Hiring a consultant gives an additional benefit, they know what can be automated. Every time I talk to engineers and discuss their challenges, many of their problems end up being easily fixed. Knowing a better solution could exist is half the battle. An engineer spends the whole day problem solving, so finding a workable solution is usually what they do. But they don’t always have the expertise to build a proper solution.





You've decided to hire a developer full time to join your team. How do you find the right one? You probably want one who knows your CAD system, who has engineering knowledge, and 10 years experience. Too bad, that person is happily employed elsewhere. But I'll let you in on a secret: developers can be trained. A developer needs to learn more than just new technologies, but also engineering industry knowledge. Instead of looking for a developer that is already perfect, look for one with good potential. Developers that are keen to solve problems, be creative, and dive deep into a subject.


Stay tuned for a future piece on training developers...


How to work with a developer





Now that you’ve hired a developer, the question is, what do you do with them? A developer on the team is going to be a new challenge for an manager. Their tasks, timelines, needs, and knowledge are all going to be different.


Treating a developer as a team member is important. If your company does daily standups, weekly or monthly team updates, include the developer in those meetings! They will be able to spot issues that they can solve. Not every project will be delivered to them by their manager. Treating a developer as a separate department, or external resource puts up unnecessary walls. A developer should always have direct access to the other team members that they are there to benefit. Put them in the same room as the engineers. Having to go through a chain of command for everything is a sure fire way to reduce the usefulness of your developer, and potentially frustrate them.


Remember that there are now two perspectives to every problem: the developer way, and the engineer way. It is crucial to respect that a developer will make the correct decisions within their domain. Should the app be Java or Javascript? If you need to ask, then leave it to the developer. Another challenge to deal with is two sets of projects. The engineers will be working on some cool new bracket, while your developer workers on a optimized shelf tool. These two projects will have different timelines and hurdles. Finally, they'll also require different forms of feedback. Your developer doesn't have a customer, for them to continually improve, you need to give them constructive feedback. Their success won't always be apparent to them.


Caden’s Musings - Onshape





I’ve been working a lot with Onshape and FeatureScript to do design automation. In a recent project, I had to make a model of a part that would be used in an automation. But modeling the part I ran into some issues. I had problems such as needing a plane offset from the tangent of a line relative to how another line was offset from an axis. An experienced designer might have had a clever way to solve these problems, but I am not an experienced designer. Luckily, I had FeatureScript at my disposal.
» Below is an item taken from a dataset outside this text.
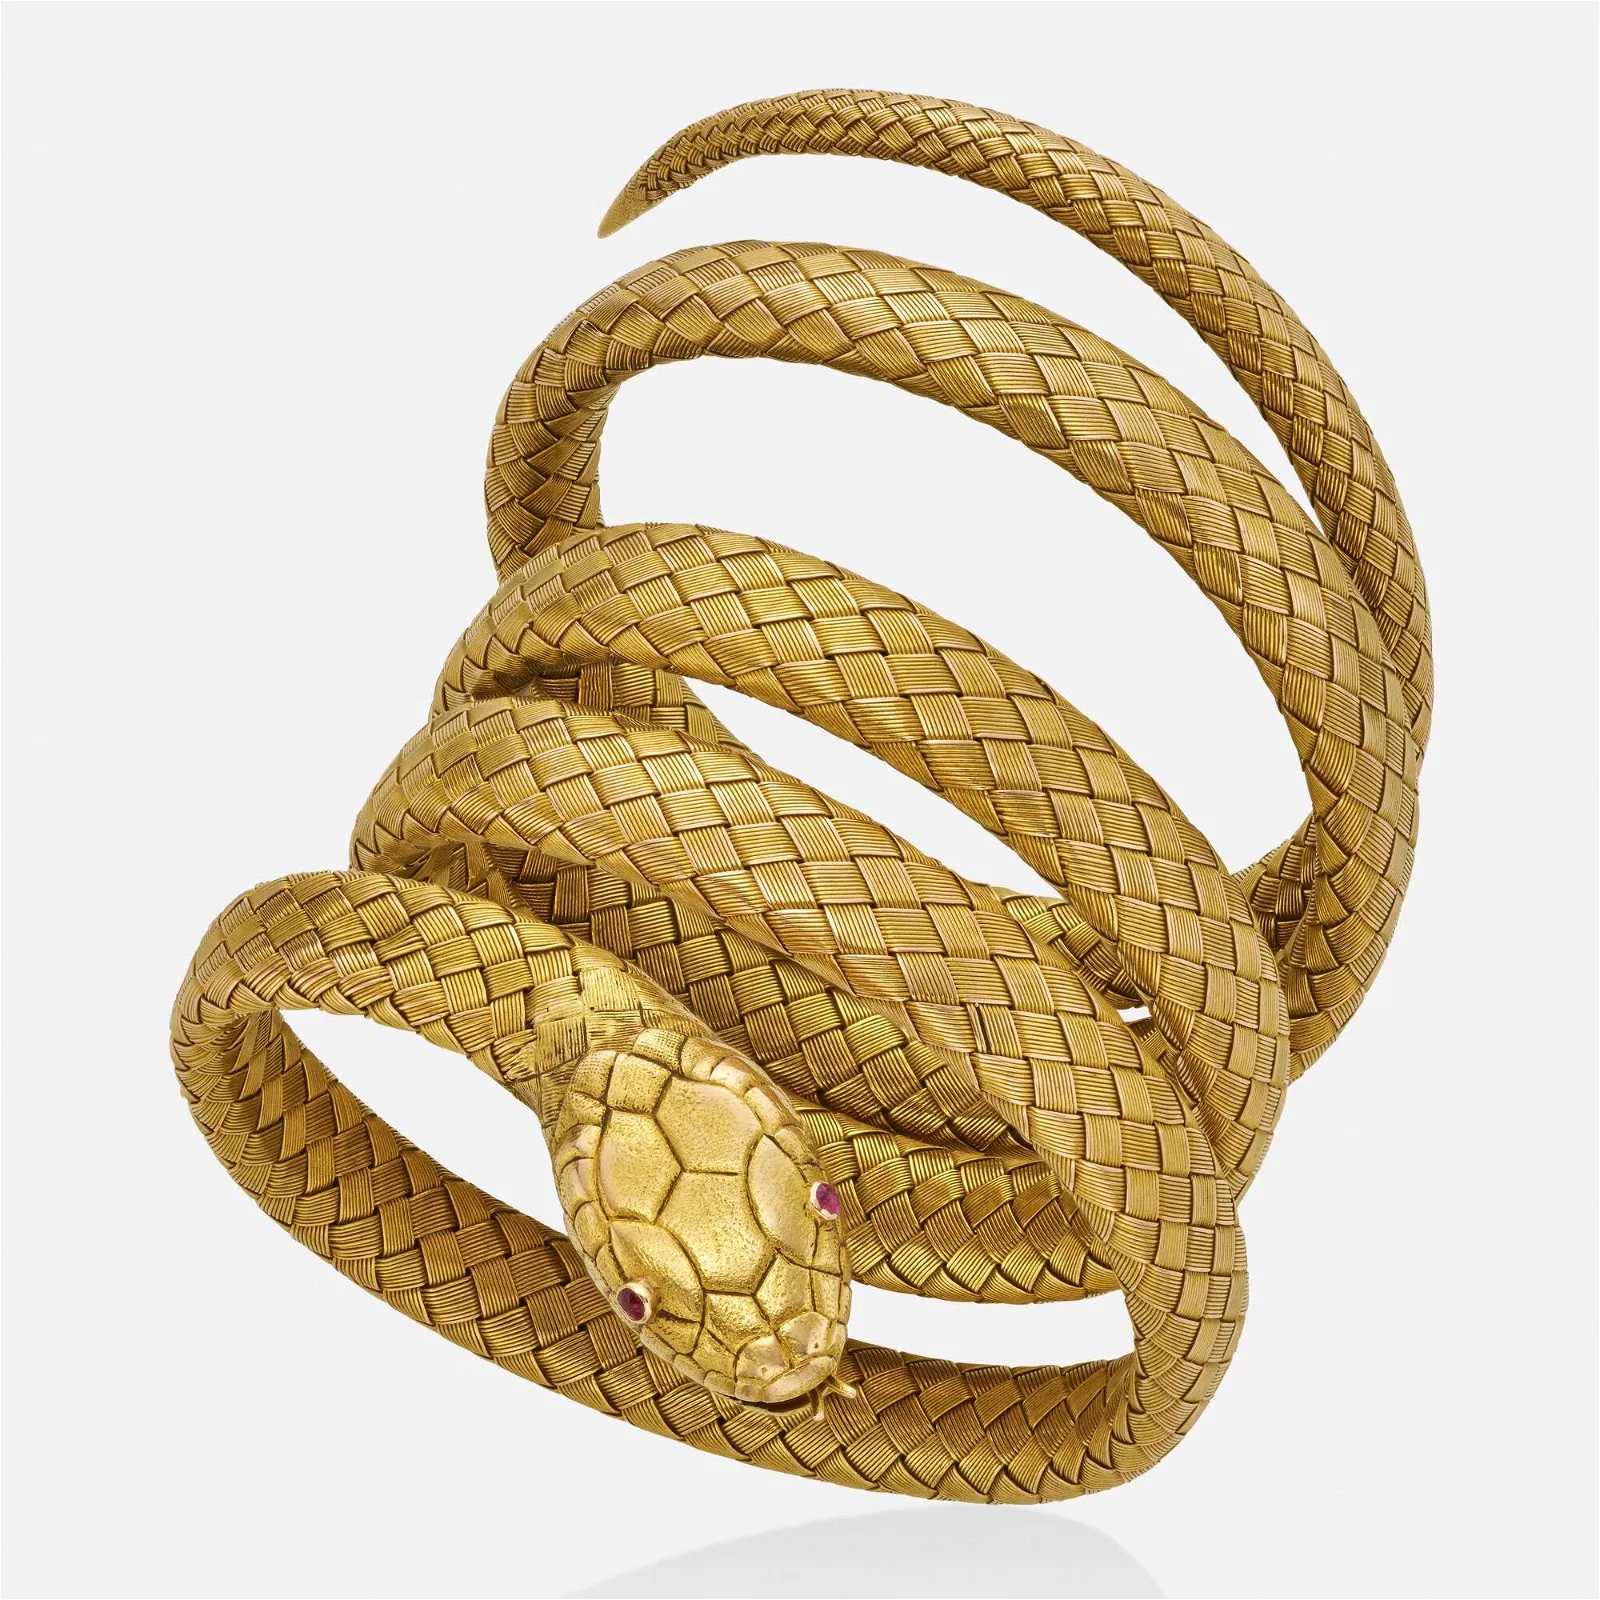 Tiffany & Co. Revivalist gold and ruby snake bracelet, which sold for $32,000 ($41,920 with buyer’s premium) at Toomey.
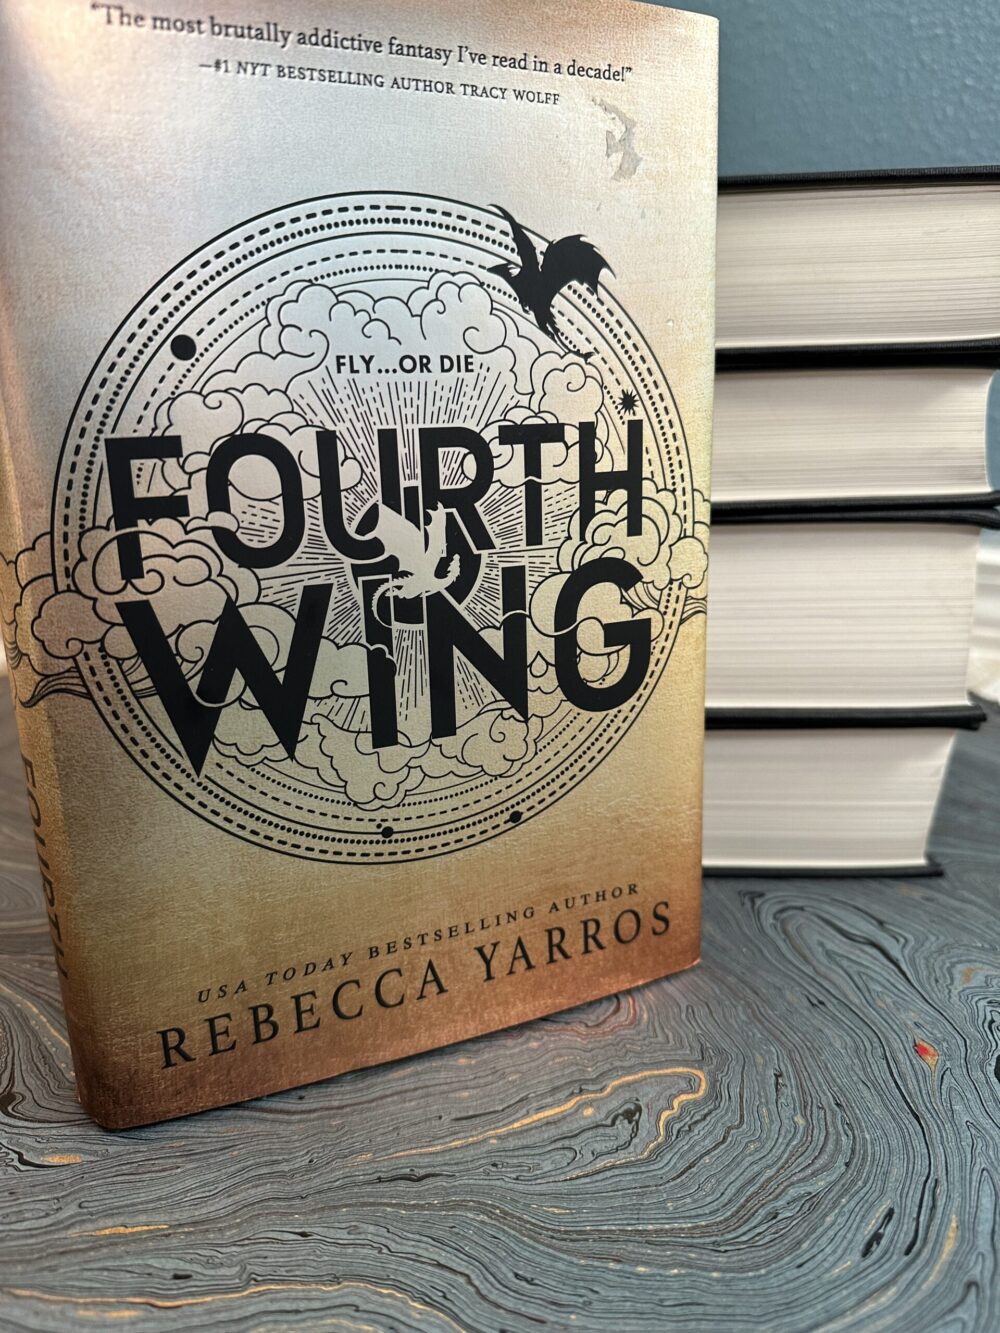 Fourth Wing Book and Book Stack

In less than 5 minutes I had a feature whipped up that could do exactly what I needed. In this case, I was making up for my own shortcomings in CAD design experience, but it got me thinking about how valuable a developer could be on an engineering team.


For large automations, which make up the majority of my work, the ROI is obvious. Saving thousands and thousands of engineering hours is a no brainer, and traditionally that was the minimum to make something worth automating. Doing design automation for most CAD programs, the development time for a feature is huge. But FeatureScript is different, the effort to create a valuable feature is astronomically less, so smaller features can be worth creating. This is my motivation behind the thought that engineering teams should shift to include a developer. FeatureScript is a big change in the industry, and will be a catalyst for changing how engineering teams are created.